This is one of the better presentations (Link)I have watched concerning the marketing of the COVID-19  vaccine, indicating the involvement of a foreign country. It is pretty scary. It is worth watching.

However, my main concern is her (Dr. Wolf’s) reliance on technical/scientific data interpretation by the (medical) experts, which is unfortunately inaccurate.

She talked about the spike protein (distribution, metabolism, and excretion) at the beginning (around 12 min) of her presentation. Unfortunately, this is how medical experts understand and describe it, but this is not scientifically correct. There cannot be a virus spike protein available or present. No one has a specimen of it as it can only be obtained from the COVID-19 virus, which no one has isolated.
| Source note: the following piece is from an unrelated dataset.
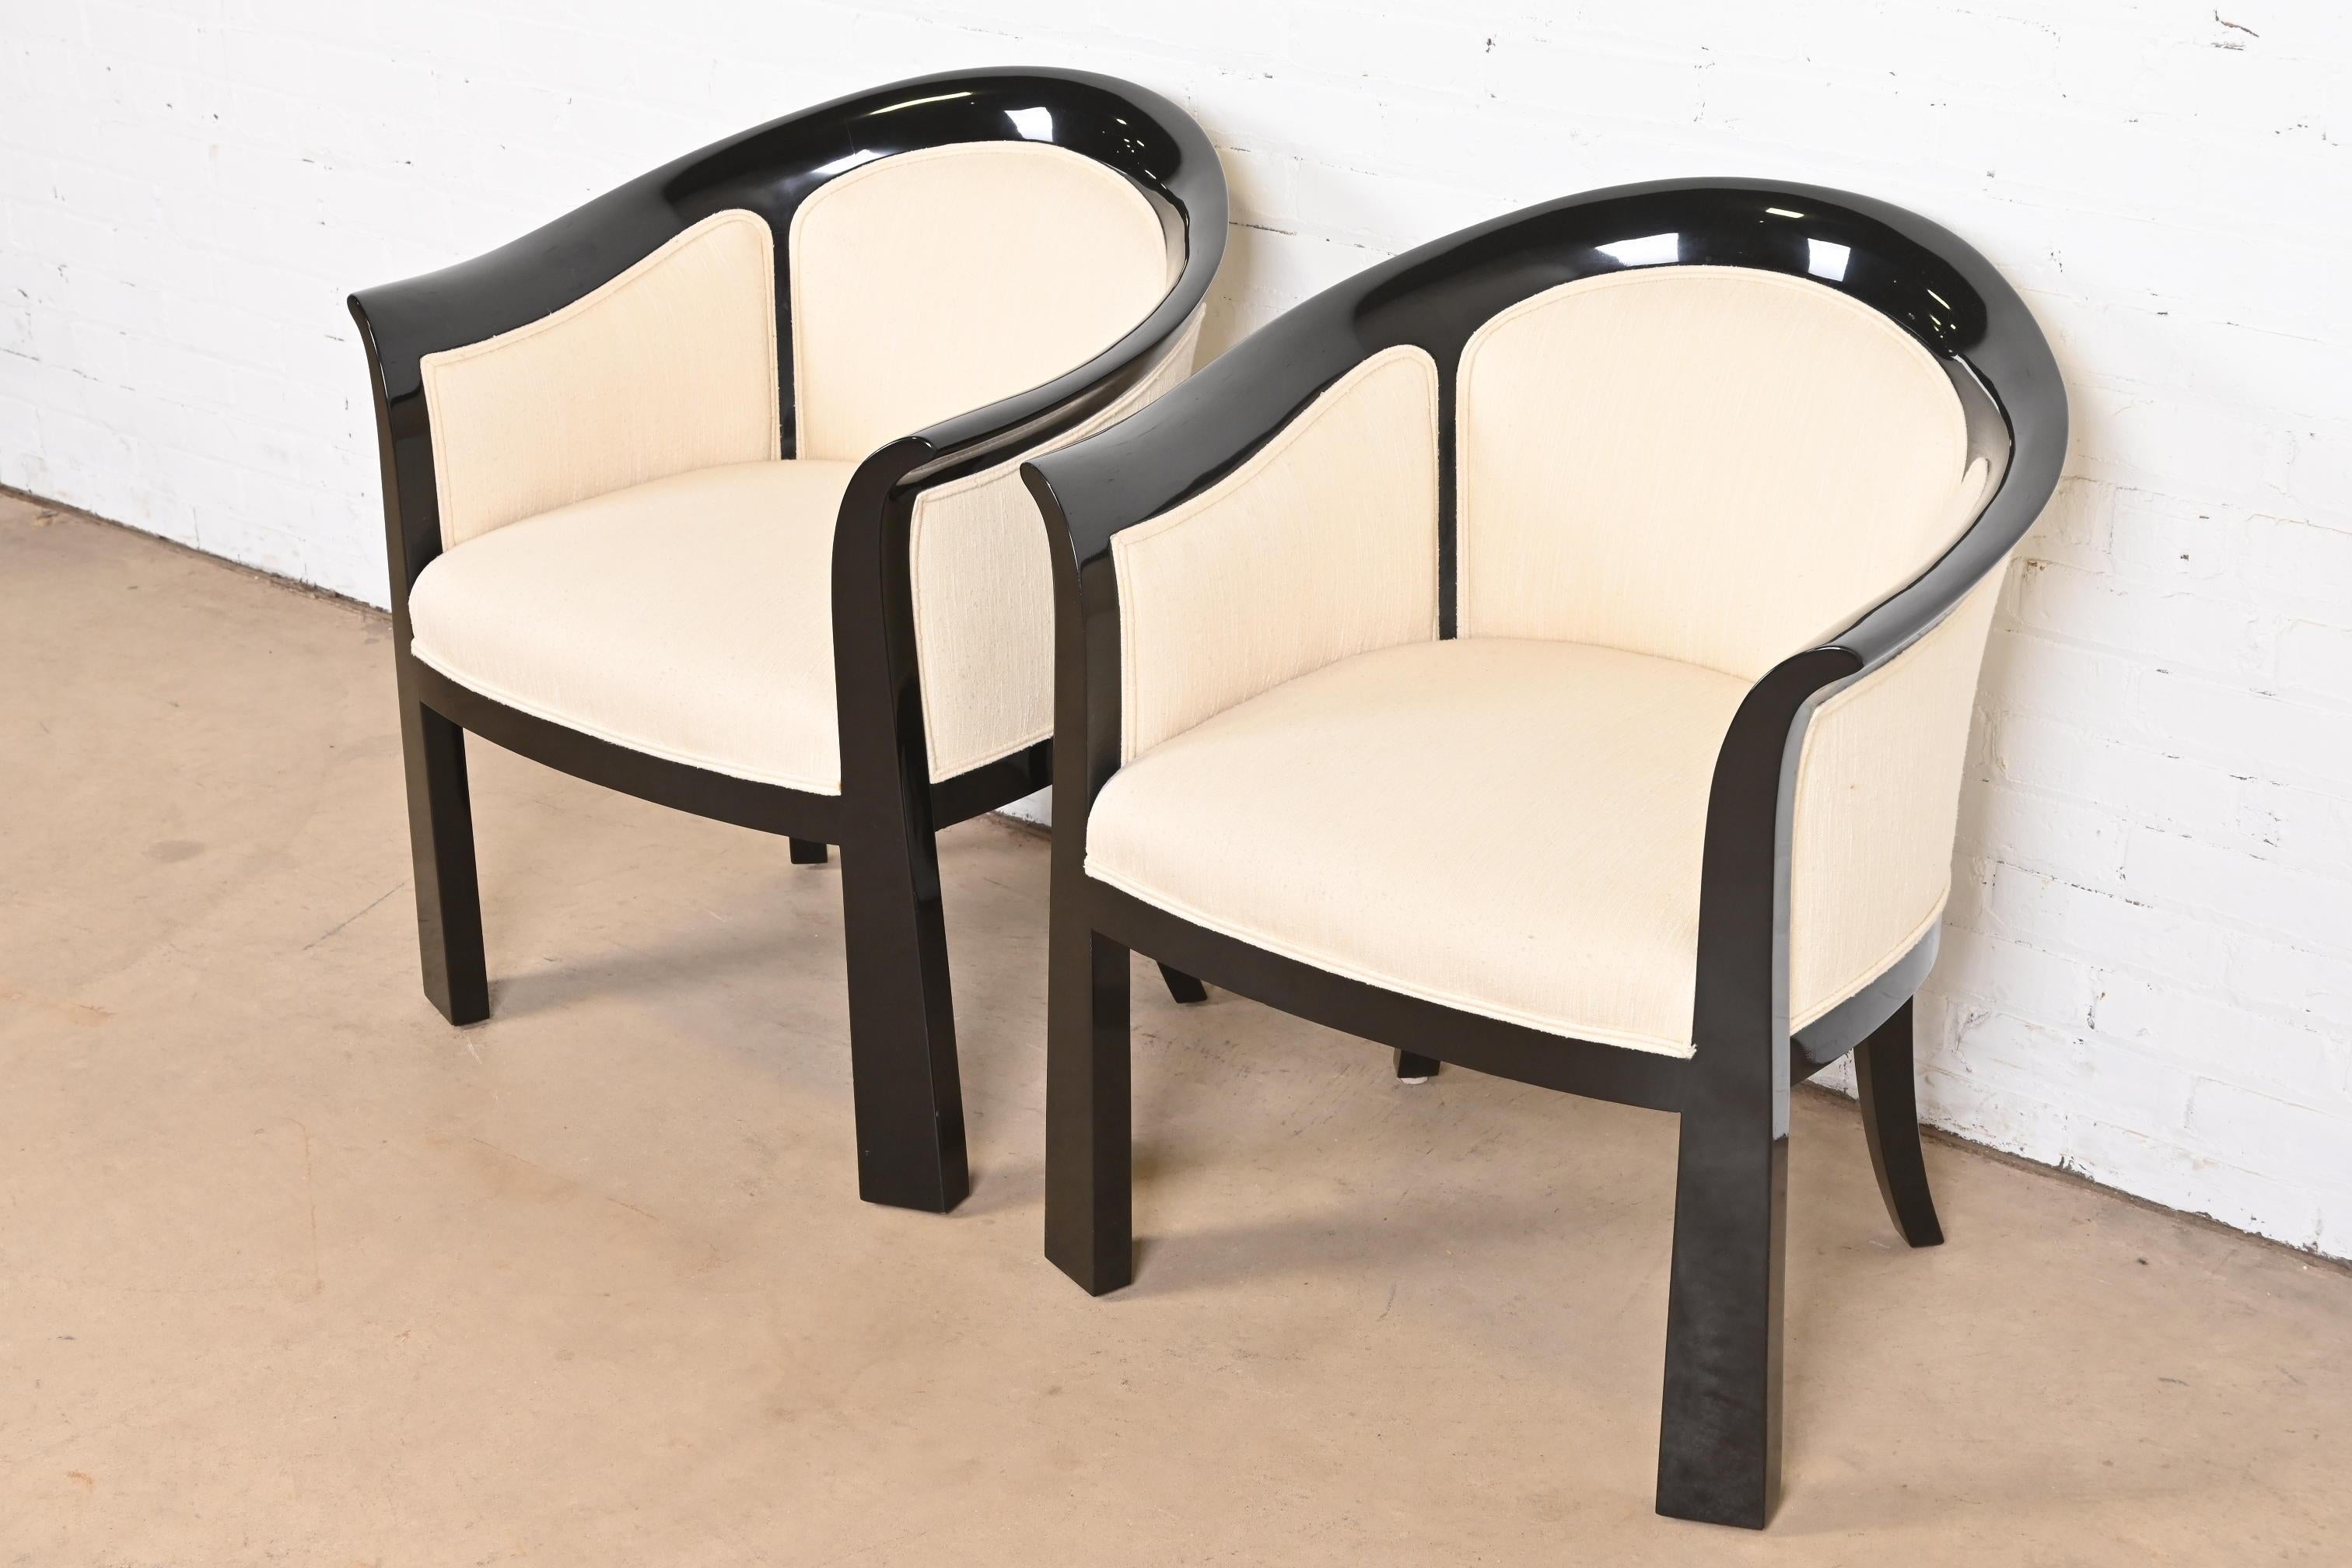 Upholstery Interior Crafts Modern Art Deco Black Lacquered Tub Chairs, Pair

That is why it is so difficult to decipher the fraud because, most of the time, people assume that medical experts know the science behind viruses and vaccines. This is, unfortunately, not true. Virology (virus isolation, identification) and the mRNA, spike protein, and vaccine can only be understood appropriately with a strong chemistry/science background. The experts lack knowledge and training in the relevant science. Hence, they were fooled, and it is impossible to get out of by using the same approach that created the situation. For example, scientifically, it was very clear from the start that:

  1. There is no virus. Therefore, there can’t be an associated RNA or spike protein available.
  2. Without the availability of the virus, RNA, or spike protein, developing a test or detecting them is impossible. Therefore, there cannot be COVID-19. Period!
  3. As no virus specimen is available, developing an appropriate valid vaccine or any other treatment is impossible. Indeed, vaccines have been developed without testing in COVID-19 patients, as no patients were available.
  4. Science/chemistry clearly described the authorities’ inappropriate and invalid assessment of the mRNA vaccine before their introduction.

All have been described clearly and extensively based on well-established scientific/chemical principles here (Helpful Notes) and are now summarised and explained in a recently published book. Please have a look.

There have been a few debates between virus and non-virus camps concerning the virus’s (SARS-COV-2) existence and its isolation. However, a clear consensus (winners/losers) is lacking, but both parties claim to win. Why is it so? However, one thing is clear dodgy and fake science is certainly getting exposed.

The virus camp, which takes a judge’s role, does not debate but forces its understanding of virology, notably about the isolation and existence of the virus. For example: (Continue here)

I responded to a question received through email. Considering my response would be helpful to this site’s visitors, I am also sharing it here.

Concerning your question, “I wasn’t able to find material there to help me with the questions related to the subject of what happened to the flu.”

It is difficult, if not impossible, to give a definite answer to the question because of the lack of data and reference standards (flu virus) and then the funny “science” at the authorities, like the CDC and FDA. However, below I provide you with the most likely scenario for the disappearance of the flu (e.g., see here link, link).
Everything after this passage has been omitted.